To achieve this, the working group proposes a mixture of judicial guidance, civil procedural reform – and a UK anti-SLAPP law, along the lines of those in force in 32 US states. Specific measures, on which the group is inviting comments, include:

  • Updated practice directions to impose security for costs on claimants and to strengthen the use of strike-out powers against cases bearing the hallmarks of SLAPPs.
  • A pre-action protocol setting out steps the court would expect parties to take before going to court. This would include engaging in good faith with the right-to-reply process. This is currently abused by claimants using right of reply to ‘intimidate and threaten’, Argent told the conference.
  • A call for the Ministry of Justice to consult on an anti-SLAPP law. This would include an early dismissal mechanism to filter out SLAPPs. Courts would be empowered to issue security for costs and, where necessary, civil restraint orders along the lines of those imposed on persistently vexatious litigants.
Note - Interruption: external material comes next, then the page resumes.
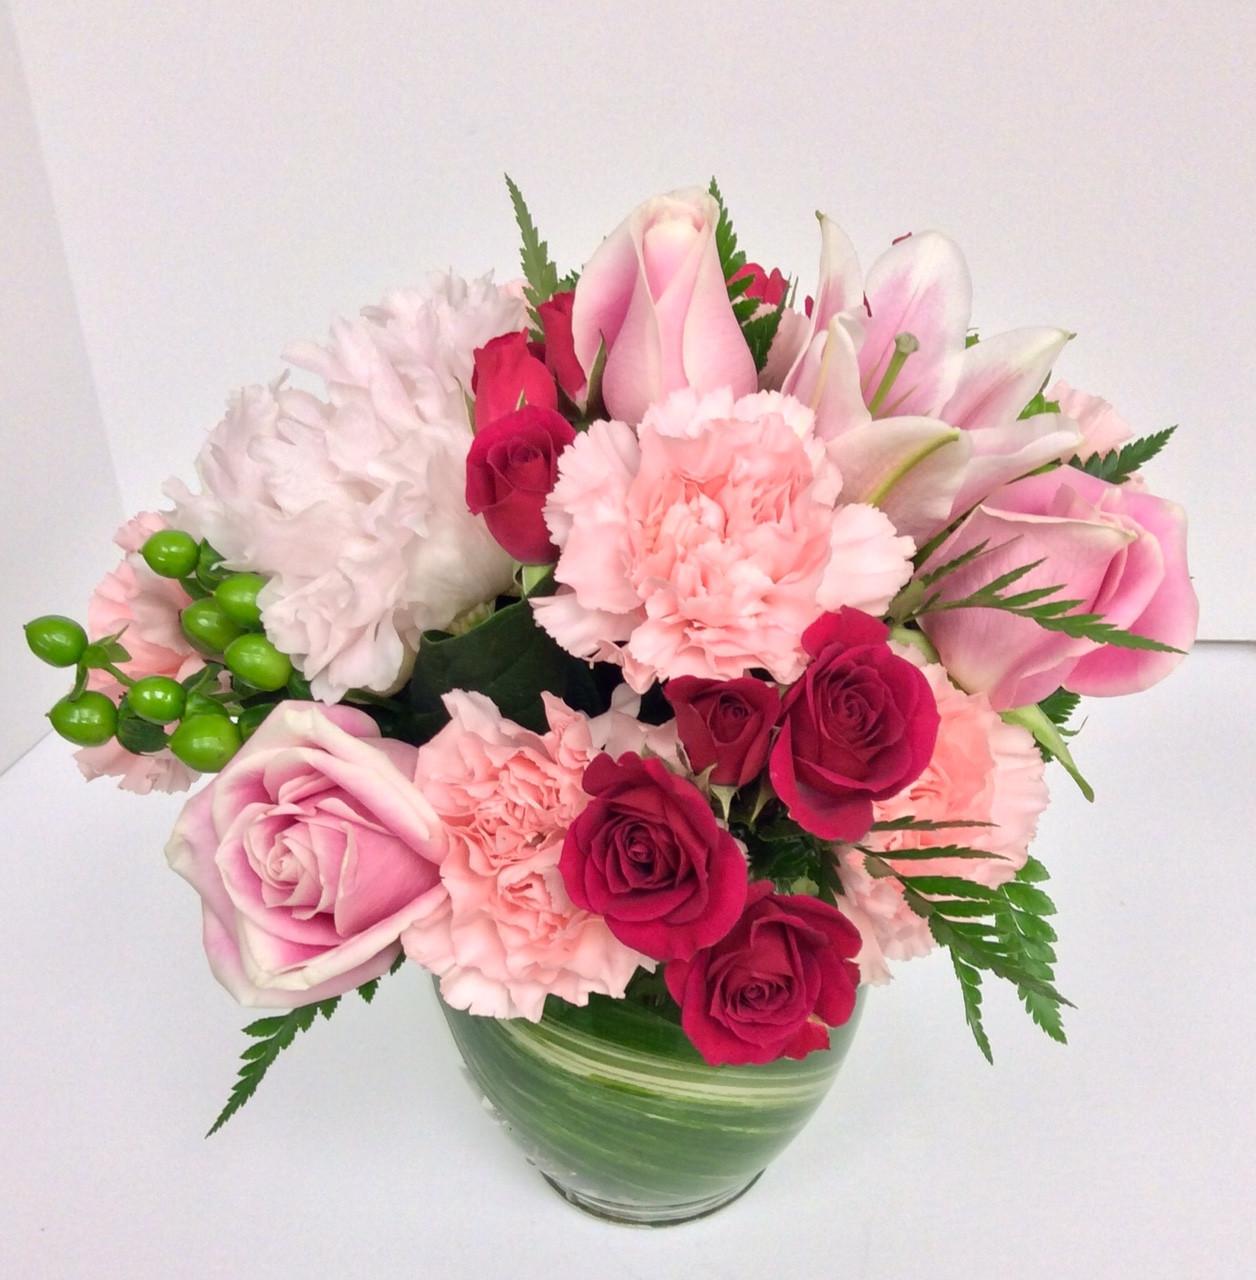 Bubble Gum And Cotton Candy Vase Centerville Florists

To judge by questions raised last week – including by Conservative MP Bob Seely, a campaigner against ‘lawfare’ – the most controversial element is likely to be the need for a specific new law.

One member of the working group, Rupert Cowper-Coles, a partner at City firm RPC specialising in defending media organisations, acknowledged that reforms introduced by the 2013 Defamation Act had been a step forward, but said that litigants were finding new avenues. ‘We’re seeing increasing use of data protection laws,’ he said. ‘These don’t currently have the protections and safeguards which we’ve built in to defamation... we don’t have a public interest defence and the journalism exemption is looking narrower and narrower by the day.’

Charlie Holt of free speech group English PEN said the law should create ‘an affirmative right to public participation’ as well as a filter mechanism incorporating a mechanism for summary disposal. When a case is ruled to be a SLAPP, all costs would be born by the litigant, who would also be liable for exemplary damages.

Another contentious issue in ‘de-legitimising’ SLAPPs might be that of identifying lawyers with their clients. ‘It’s a sensitive thing to hold lawyers to account for those they represent,’ Cowper-Coles conceded, ‘but there are definitely firms out there over-stepping the mark.’  

No doubt wisely, he did not name names. But he admitted to sometimes feeling ‘a sense of shame about this jurisdiction’.